In Brazil, the long calendar of activities around World Fisheries Day included a seminar on gender relations in artisanal fishing, and an extraordinary general assembly of the fishermen's forum against predatory fishing.

Fisherfolk unions in Senegal called a nation-wide strike on Saturday, while thousands of South African fishworkers gathered in a large auditorium in Bellville under the banner of 'Informal Fishing
Communities' on the same day.

In Sri Lanka, fisherfolk attended a mammoth convention to highlight the fisheries issue on Nov. 20 and 21 to which 21 participants from abroad had been invited.

The Penang Inshore Fishermen's Welfare Association, in Malaysia, and unions in the United States handed out "free fish" to the public to draw attention to the plight of traditional fishing communities.

Organised by fishworkers unions in their countries, the activities were held to commemorate the formation of the World Forum at a meeting in New Delhi attended by more than 100 representatives of fishworkers from 32 countries on Nov. 21 last year.

The World Forum was the culmination of a 14-year movement that began at the International Conference of Fishworkers and their Supporters in Rome in 1984 when fishworkers mainly from the developing countries decided to first build up their national organisations before joining hands internationally.

Indian activist Thomas Kocherry, general coordinator of the World Forum, and among the most ardent supporters of the cause of international action, says: "The oceans of the world, the fishes and all too frequently the fisherfolk themselves, observe no political boundaries.

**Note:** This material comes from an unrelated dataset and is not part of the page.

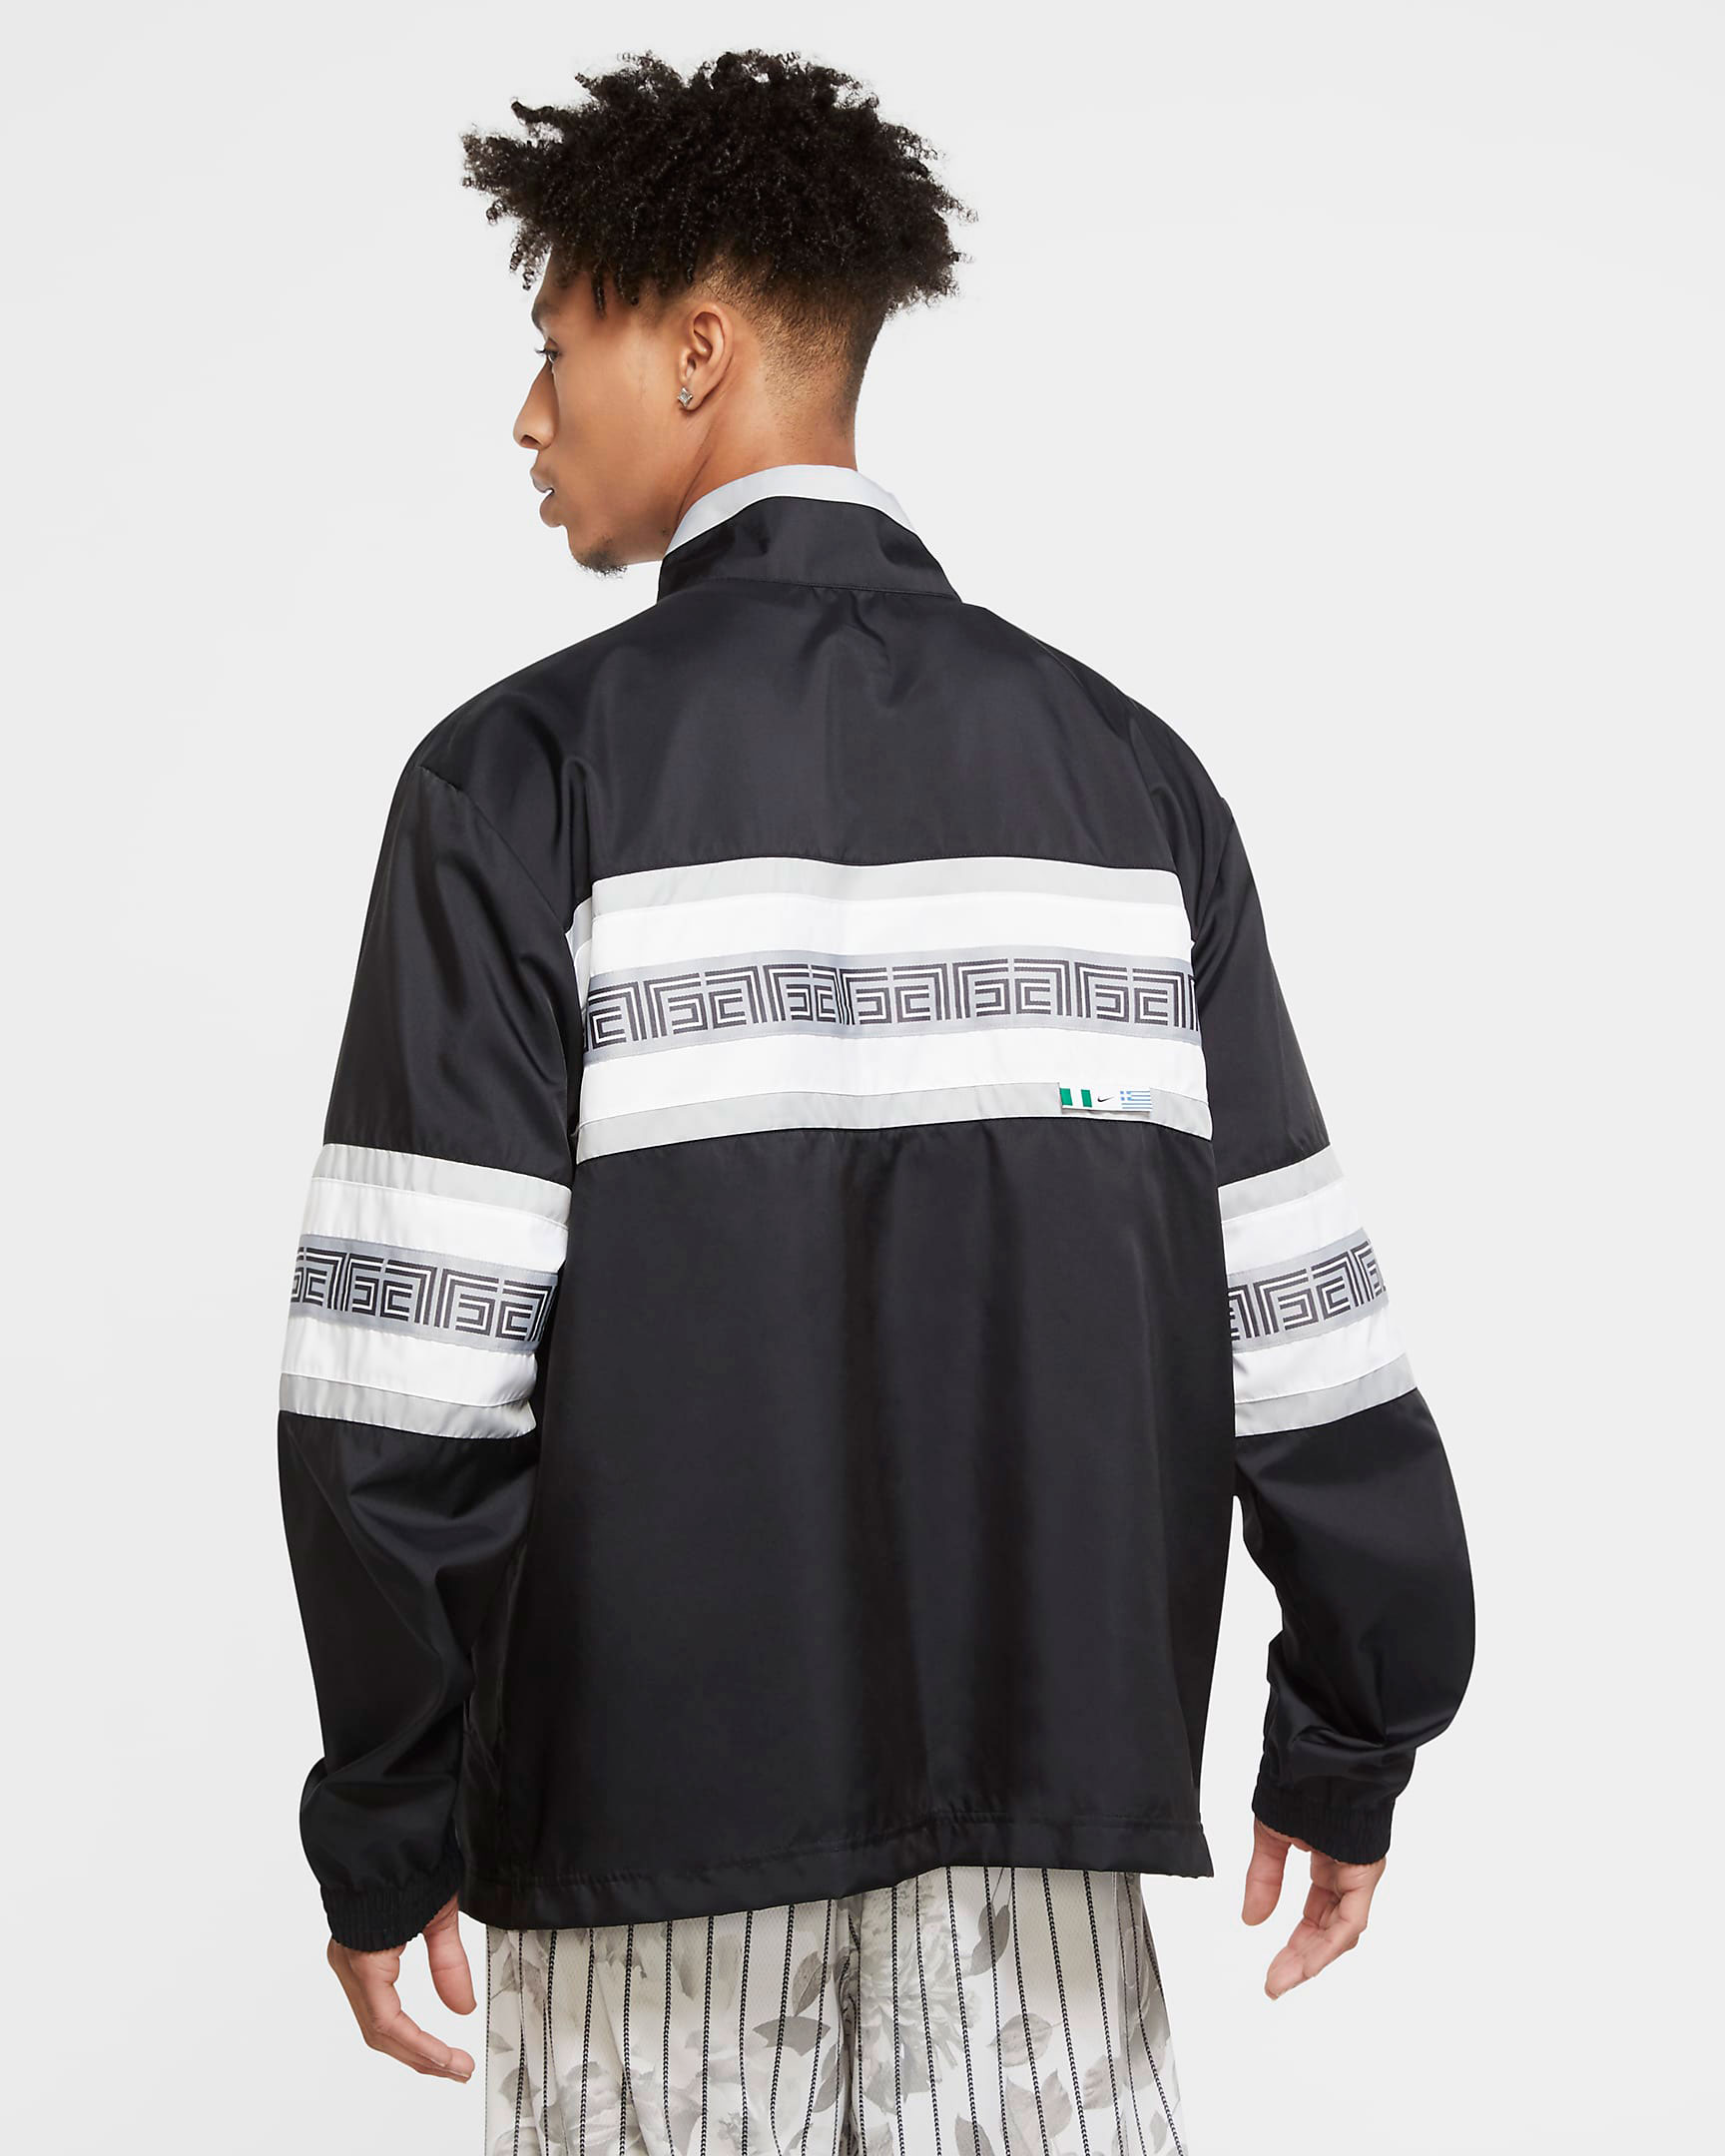 nike-giannis-jacket-black-white-2

Hence it is futile for any one nation to act unilaterally."

The Forum has pledged to work together to stop "reckless plunder of the seas by industrial fleets owned by transnational corporations, leading to substantial depletion of fish stocks and endangering the food security of millions of people."

In its 1995 'State of World Fisheries and Aquaculture' report, the U.N's Food and Agriculture Organisation (FAO) warned "fisheries are undergoing the most serious crisis ever recorded. At least 75 percent are in, or verging on, a state of collapse due to the ravages of overfishing and destructive fishing ..."

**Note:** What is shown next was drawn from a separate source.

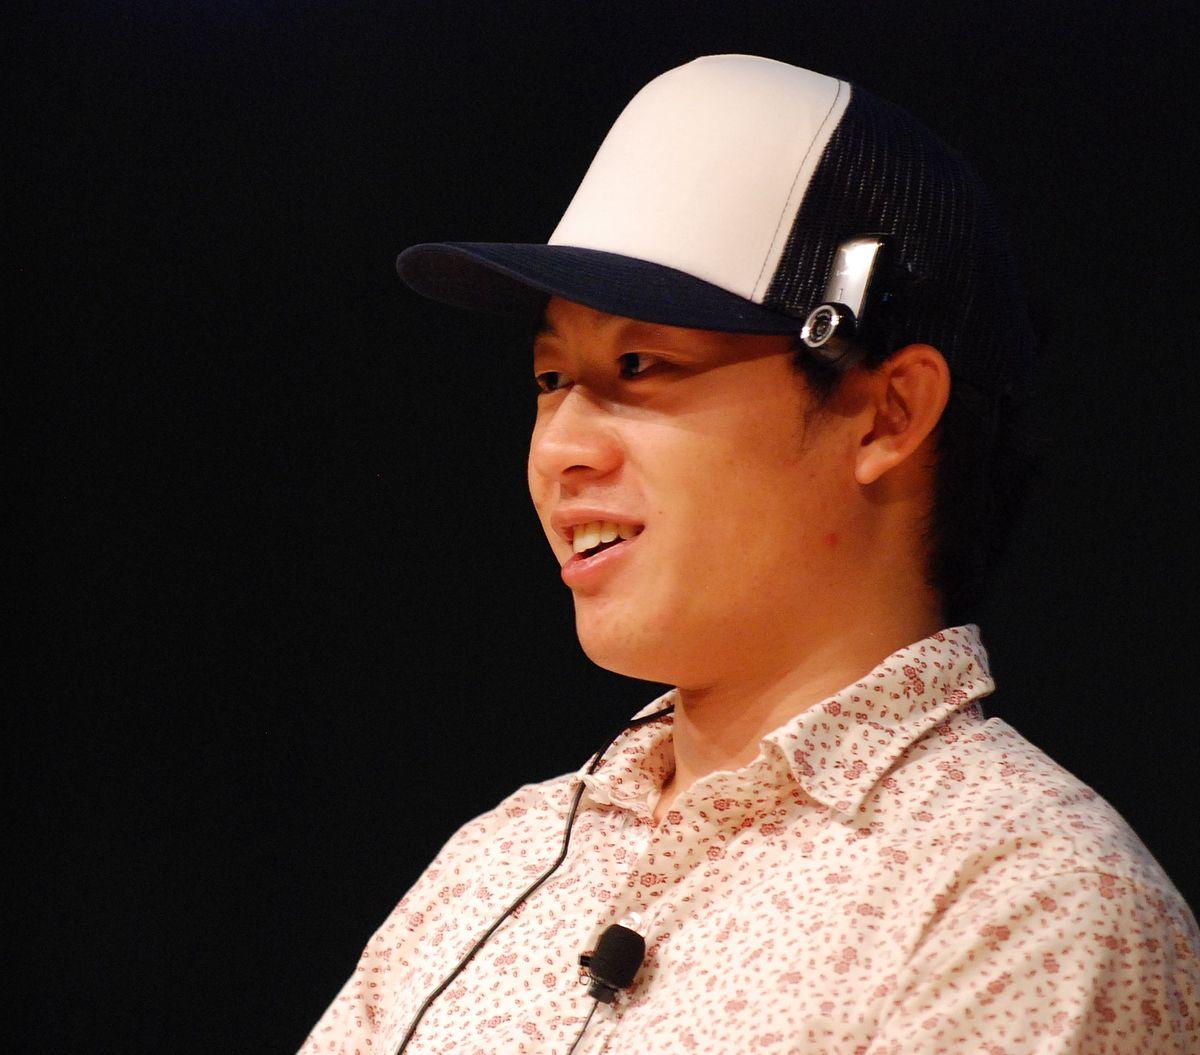 Justin Kan - Wikipedia

Kocherry thinks if fishing communities, not the profiteering business people, were to own the rights to fishing grounds and manage the marine resources the damage could be halted.

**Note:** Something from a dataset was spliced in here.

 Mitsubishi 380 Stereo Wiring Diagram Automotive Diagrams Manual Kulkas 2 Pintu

"These rights should be secured by law towards the end of saving all those whose lives are dependent on the sustained bounty of healthy oceans," he wrote in a press release last week.

The FAO estimates that nearly all important commercial fisheries are depleted, exploited to such an extent that no increase in catch is possible without leading to population crashes.

Another report titled 'Imperiled Waters, Impoverished Future' released in 1996 by Worldwatch, the environment watchdog, had estimated that 20 percent of the 9,000 fish species are either extinct or in danger of dying out.

Faced with livelihood losses and impoverishment, fisherfolk have been vociferously protesting. In India, coastal fisherfolk successfully opposed the introduction of foreign fishing vessels in their deep seas through a series of strikes, blockades, demonstration and hunger protests.

In Senegal, the 'National Collective of Artisanal Fishermen' has been mobilising fish harvesters for the past seven years to fight against their country's fishing agreements with the European Community.

In Canada, the 'Canadian Council of Professional Fish Harvesters' has organised against industrialised fleets, both foreign and domestic, that have significantly depleted stocks of mackerel, capelin, turbot and other species, important to Canadian fisherfolk.

Destructive fishing practices, the impact of coastal industrial aquaculture like shrimp farming and coastal industrial pollution are depleting the world's marine resources.